Every AI throughput metric needs an instability twin

June 1, 2026

If your dashboard shows AI made your team faster but doesn't show what it broke, you're reporting half a sentence.

The 2025 DORA report — the first State of DevOps written entirely in the AI-everywhere era — landed on a finding that should reshape every metrics review you run this quarter: AI adoption correlates with higher software delivery throughput AND higher software delivery instability at the same time. Both numbers go up. The report is unusually blunt about it: AI is "a multiplier of existing engineering conditions," strengthening strong teams and exposing weak ones. The time engineers save in code generation is being re-allocated to auditing, verification, and rollback work, not to additional shipped impact.

Most engineering scorecards I have reviewed in the last sixty days show only the upside half. Diffs per engineer. PRs merged per week. Lead time for changes. Sprint completion rate. All trending green. None of them paired with their counter-effect. A senior leader reading those dashboards is making confident judgments from a directionally incomplete picture — they think they are getting faster, and they may also be getting more fragile, and the dashboard is silent on the second part.

This isn't a measurement problem. It's a judgment failure caused by metric design. And the fix is one of the oldest moves in the operations management literature.


Deep Dive — Metrics & Judgment: pair every throughput metric with its counter-effect

The instinct most teams have right now is to "add an AI metric": acceptance rate of AI suggestions, percent of PRs touched by Copilot, AI tool active users per week. These are activity counters. They tell you whether the tool is being used. They do not tell you whether using it is making the system better or worse. Activity metrics are the easiest to collect and the least useful for judgment.

The right move is structural. For every throughput-style metric your team reports up, instrument and report the counter-effect metric next to it, as a pair, at the same cadence, to the same audience. Never one number without the other. This is exactly the design principle behind the DX Core 4 framework that Abi Noda and Laura Tacho introduced in December 2024 with input from the DORA, SPACE, and DevEx authors — they deliberately split the dimensions into oppositional pairs (Speed paired with Quality; Efficiency paired with Impact) so that gains in one dimension cannot quietly mask losses in another. Tacho describes the design intent directly: "Speed is great, but if you're going faster while being less effective, that's not great."

What does pairing look like in practice for an AI-amplified org in mid-2026? A working starter set:

Each pair tells a complete sentence. "We shipped 30% more changes and rollback rate held flat" is unambiguously good news and deserves an investment in more AI tooling. "We shipped 30% more changes and rollback rate is up 20%" is the conversation about where to put guardrails — code review depth, test coverage gates, gradual rollout controls, ownership clarity. Neither sentence can be written without both numbers in hand, and neither leader can defend an investment decision honestly without writing the full sentence.

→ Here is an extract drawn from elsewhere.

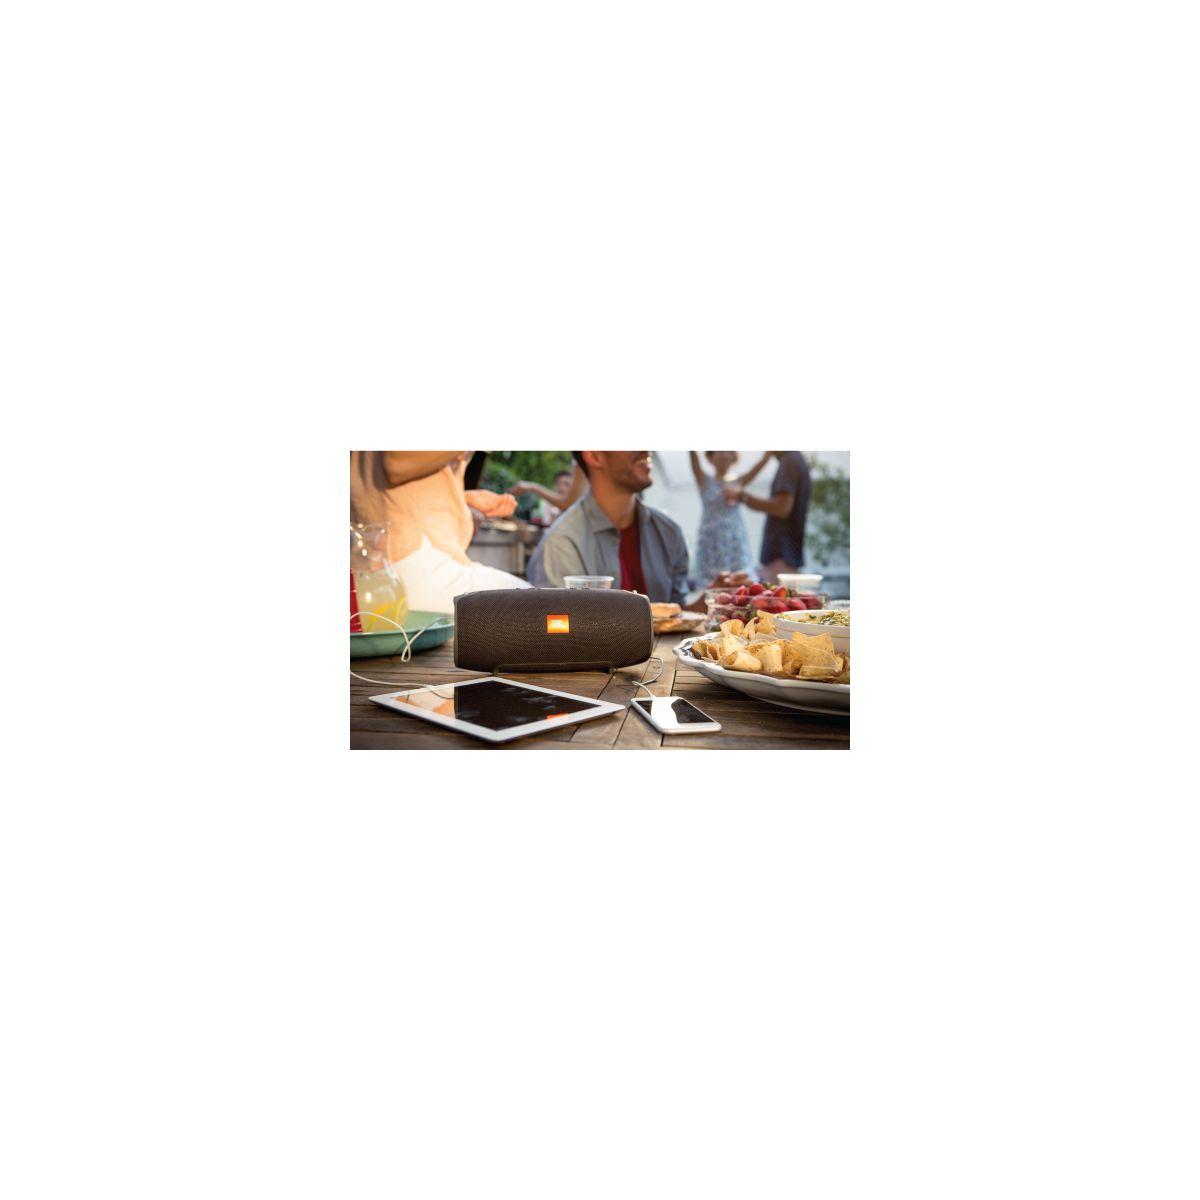 https://boulanger.scene7.com/is/image/Boulanger/6925281904578_h_z_l_4?hei=1200&wid=1200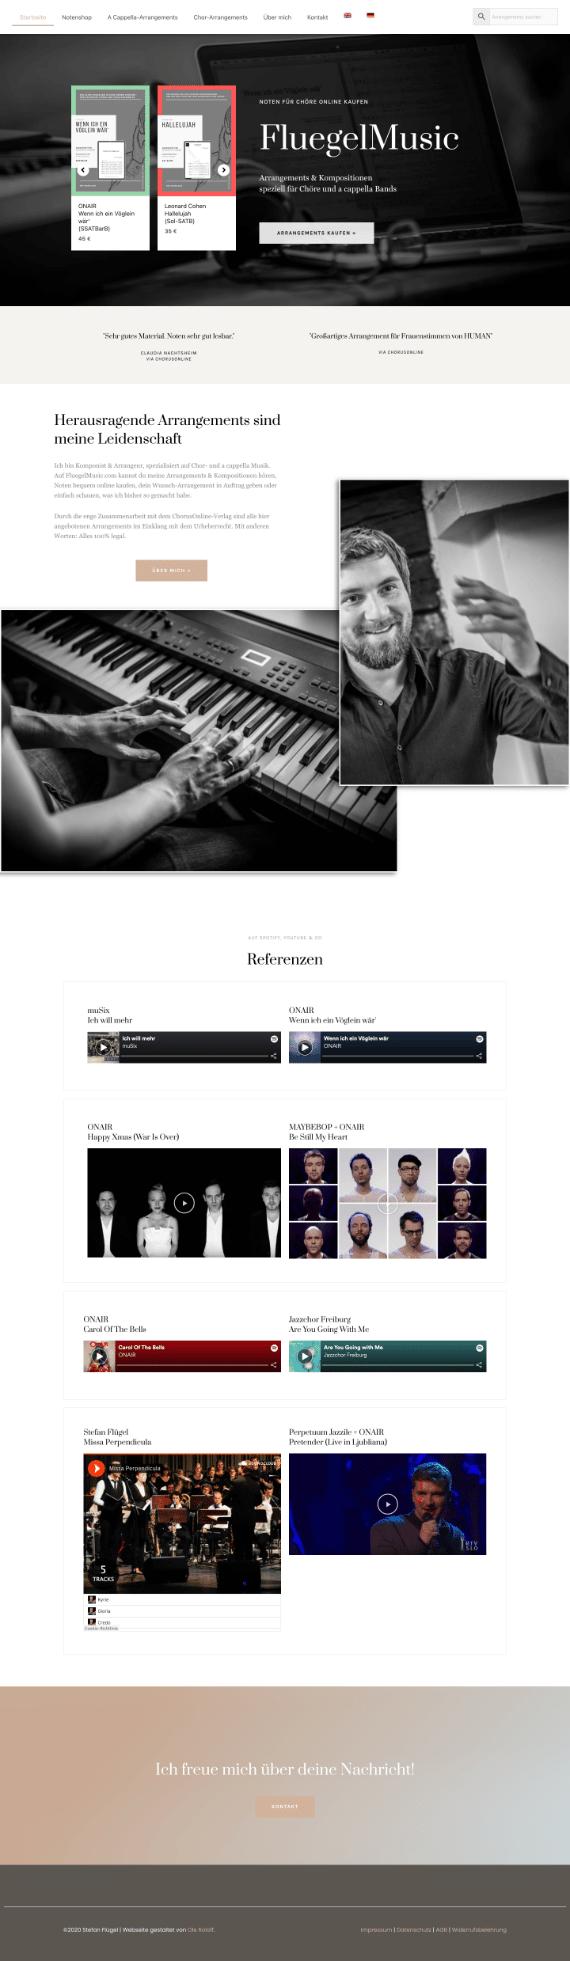 WordPress-Webdesign Referenz: Onlineshop Flügel Music

There is a second-order benefit that matters for senior TPMs and engineering directors specifically: paired metrics protect you in cross-functional disputes. When finance or product asks "why are we slowing down to add more review steps?" you point to the pair. The pair is the argument. You are not the person introducing friction — you are the person reading the second number that everyone else is ignoring. Goodhart's law (which we covered on May 18) explains why a single metric becomes a bad metric the moment it becomes a target. Pairing is the practical defense: the pair, taken together, is harder to game without the gaming showing up immediately in the counter-effect.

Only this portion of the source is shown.